Exit 'Les Frères Karamazov', de Fiodor Dostoïevski,
'Cent ans de solitude', de Gabriel Garcia Márquez, ou encore 'Notre-Dame de Paris', de Victor
Hugo. Les autorités koweïtiennes ont interdit 948 ouvrages lors du festival
international de littérature, qui se tient du 14 au 24 novembre à Koweït City.
Pour dénoncer cette mesure, un artiste koweïtien, Mohammad Sharaf, a construit
un cimetière où il a symboliquement enterré des dizaines de livres censurés.
Tous les ouvrages exposés à la 43e édition du festival
ont été préalablement examinés par une commission de censure, qui relève du
ministère de l'Information. Cette commission examine les ouvrages à la lumière
de la loi de 2006 sur "la presse et les publications" qui bannit
toute publication portant atteinte à l'islam, à la justice et à la sécurité
nationale.
Mohammad Sharaf est
designer graphique. Il a réalisé cette installation jeudi 22 novembre pour
dénoncer l’absurdité de la censure.
"Il n’y a pas de mécanisme clair concernant cette
censure"
Je voulais concevoir une œuvre qui soit accessible à
tous et non un objet destiné à être enfermé dans une galerie d’art. C’est pour
cela que j’ai opté pour une installation en extérieur. J’ai donc fabriqué 200
stèles en bois, et j’ai inscrit dessus les titres de certains livres interdits.
Je les ai placées dans un terrain vague non loin du parc des expositions où se
tenait le salon du livre.
Les stèles ont été enlevées par des agents de sécurité
environ trois heures plus tard, au motif que je n’avais demandé aucune
autorisation aux autorités pour utiliser cet espace.
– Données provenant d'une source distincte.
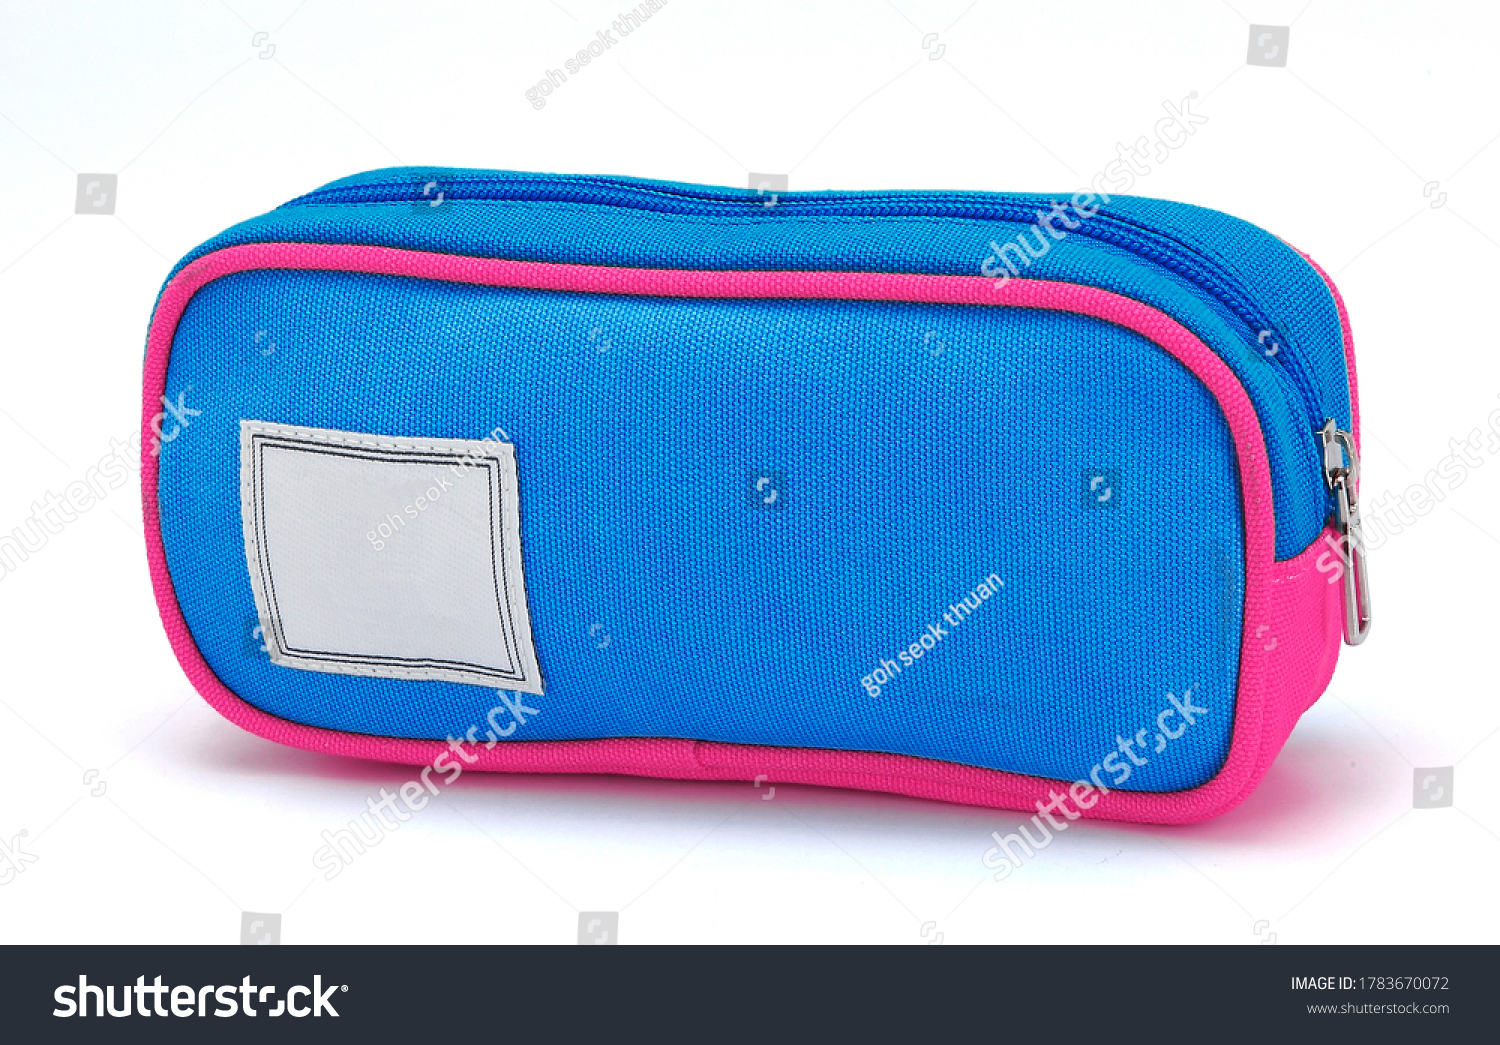 A pencil case or pencil box is a container used to store pencils. A pencil case can also contain a variety of other stationery such as sharpeners, pens, glue sticks, erasers, scissors, rulers .... #1783670072
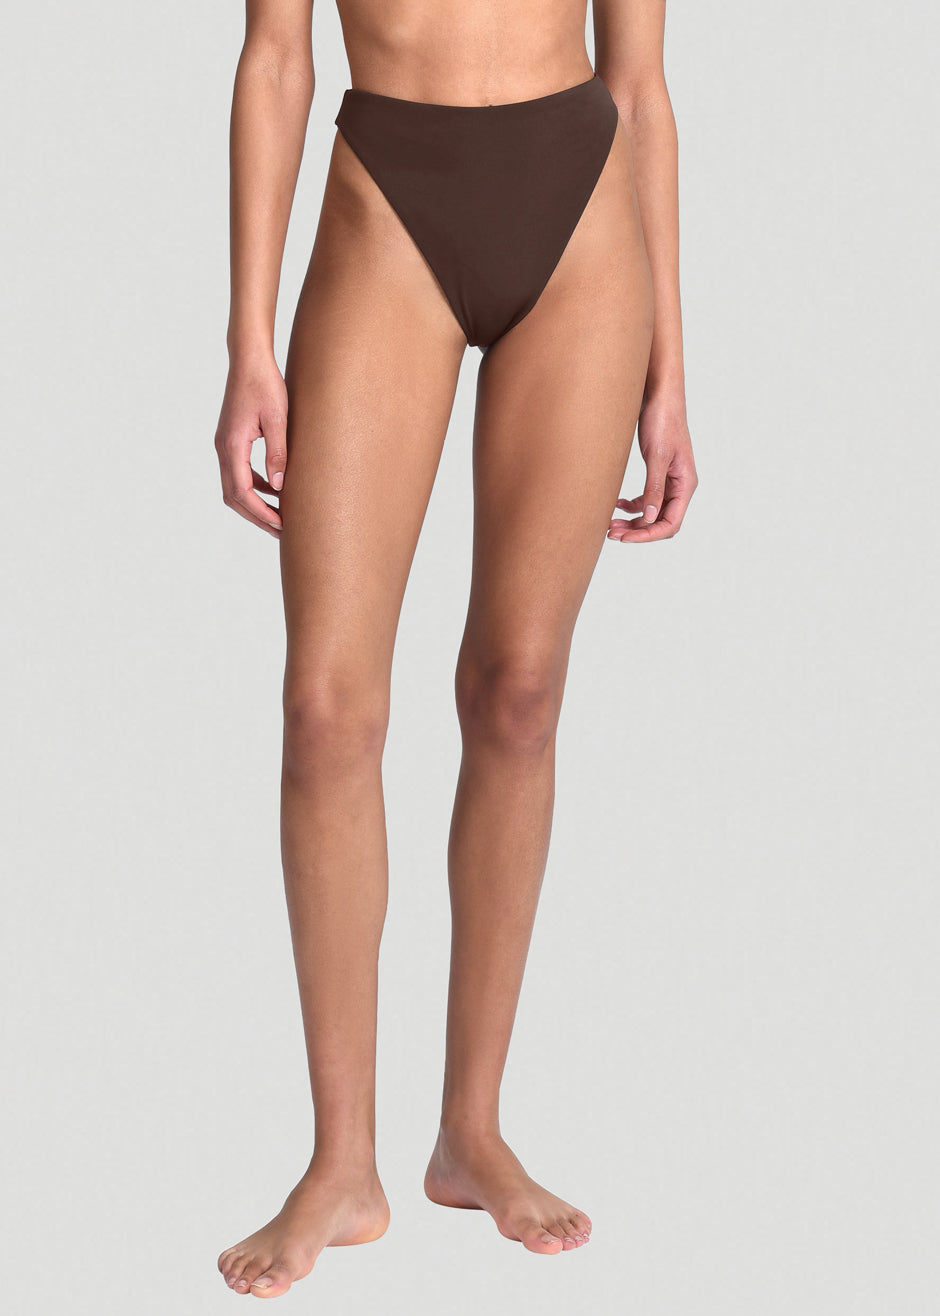 Aexae Triangle High Cut Swimsuit Bottoms - Brown - 1

Reste que l’initiative a
produit ses effets, puisque les images de l’installation ont été relayées sur
les réseaux sociaux et ont été reprises par plusieurs médias. Donc, les gens
ont beaucoup parlé de l’interdiction des livres au Koweït.
Personne ne
sait vraiment pourquoi ces livres sont interdits. Il n’y a pas de mécanisme
clair concernant cette censure. Dans le lot des ouvrages bannis, vous trouvez
des œuvres littéraires de renommée mondiale de Gabriel Garcia Márquez ou de
Victor Hugo, des romans koweïtiens comme 'Les Souris', de Mama Hessa de
Saoud Al-Sanoussi [NDLR : roman d’anticipation décrivant le Koweït de 2020
comme un pays déchiré par les conflits confessionnels], mais également des
dictionnaires et des livres pour enfants [NDLR : La Petite Sirène
notamment, dont le haut de bikini a été considéré comme provocateur].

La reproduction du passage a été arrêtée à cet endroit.